My affair with Barack Obama has evolved toward completion, not because it was a forbidden passion, but because it has been a red hot flame that illuminated the mirror up to which I am forced to view myself. Barack Obama, with my quiet acquiescence, has fulfilled the prophecy that the future historians will need him to have filled. He has been an inspiring leader, a larger-than-life man, a brilliant and professorial comrade in thought. He has dazzled me with his vigor and swelled my breath with pride as an American. He has been the baptizer, come to heal our national wounds about race. He has been the truth and the light for a great many whose voices were heretofore quiet. Barack Obama is George Washington and Abraham Lincoln. Barack Obama is America, not just a simile, but a proud and iconic totem for which we can all be proud. As a candidate, he looked and sounded like America, in my mind, should. As president, he looks and sounds like America, in fact, is. My affair with Barack Obama has evolved toward completion, not because it has been a forbidden passion, but because it has been an unmitigated fulfillment.
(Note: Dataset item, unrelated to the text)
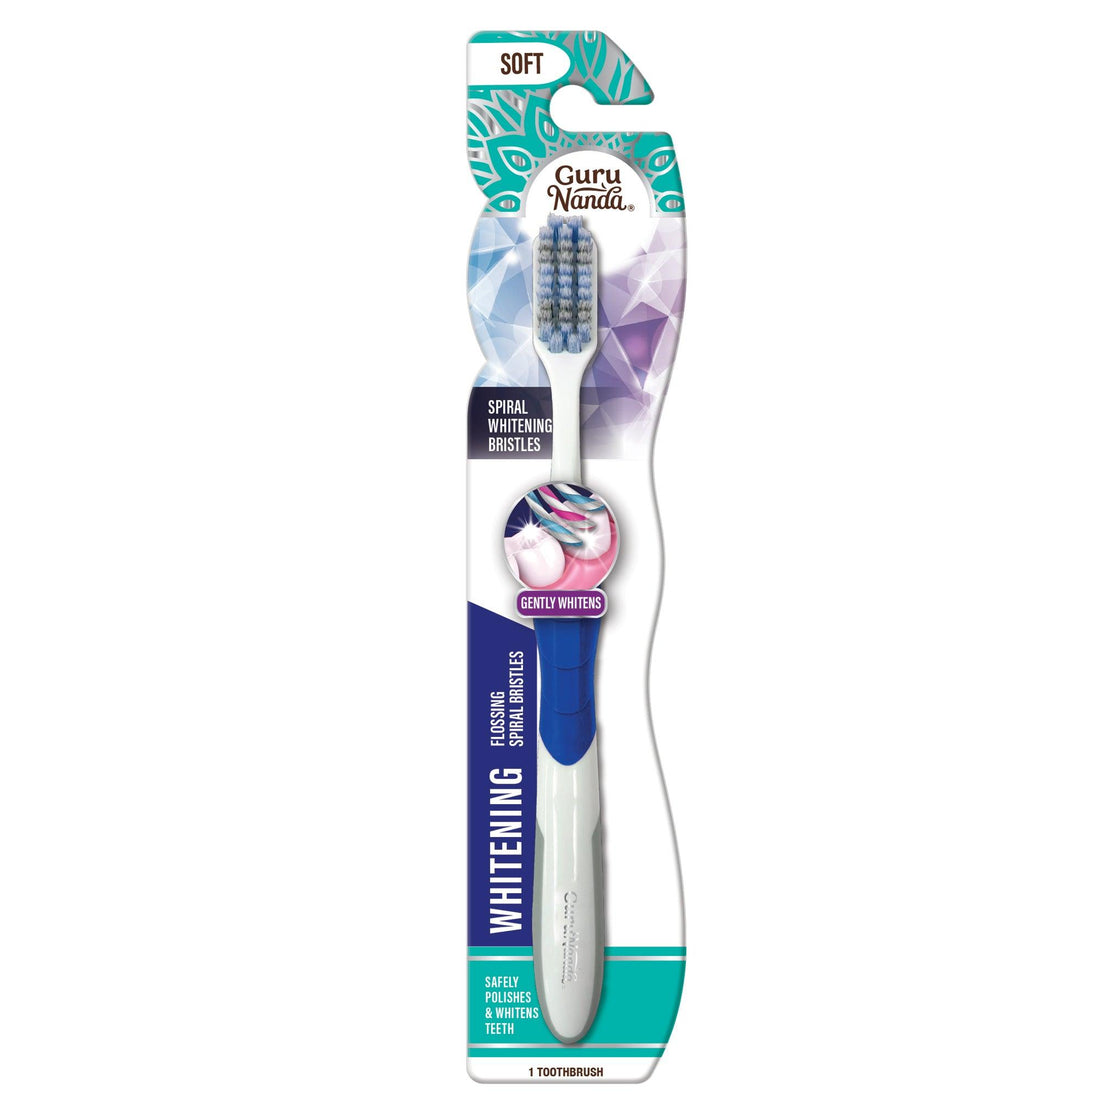 Gentle Giant Whitening Spiral Toothbrush (1 Pack) - GuruNanda

And now, we have reached the point, in the post coital glow of our national myth-making, to reinvigorate the institutions of America’s promise so that the myth that historians will need to define this era can be perpetuated. In order for the smoldering affair with Barack Obama to have been worth the investment of time and heart, America must survive and the promise of his vision must be spread to the people who have eked along on nothing but hope for the past four years. It is time for the eking to end and the unrestrained quest for selves and success to erupt. Words and hope must become actions and results.
During this tryst, I sat quietly. I have quietly rejected arguments that were devised to undermine the legitimacy of our man, of our time:
Obama is a Muslim.
Obama is a Communist
Obama wants to destroy America
Obama wants to cede American sovereignty to the United Nations
Obama is a liar with no regard for the truth.
Having endured my affair and come out on the other side a changed man, I will no longer passively tarry in the residue of these abominations.
If being Muslim were somehow a detriment to the spirit of humanity, or to the ability of an American to lead this nation, I would call it. Rather, being Muslim means believing in a truth beyond a single man; it means accepting that humanity is subservient to a higher power. Some of us may call it the Law or Nature. Others of us may call it Jesus or Muhammed. All of us should celebrate faith in a power beyond our own skin. If Barack Obama were Muslim, I would celebrate it. I do not believe that he is Muslim. I do not believe that people who describe him accusatorially so—dwelling on the actions of those who confuse hatred with faith—have the spirit they claim to.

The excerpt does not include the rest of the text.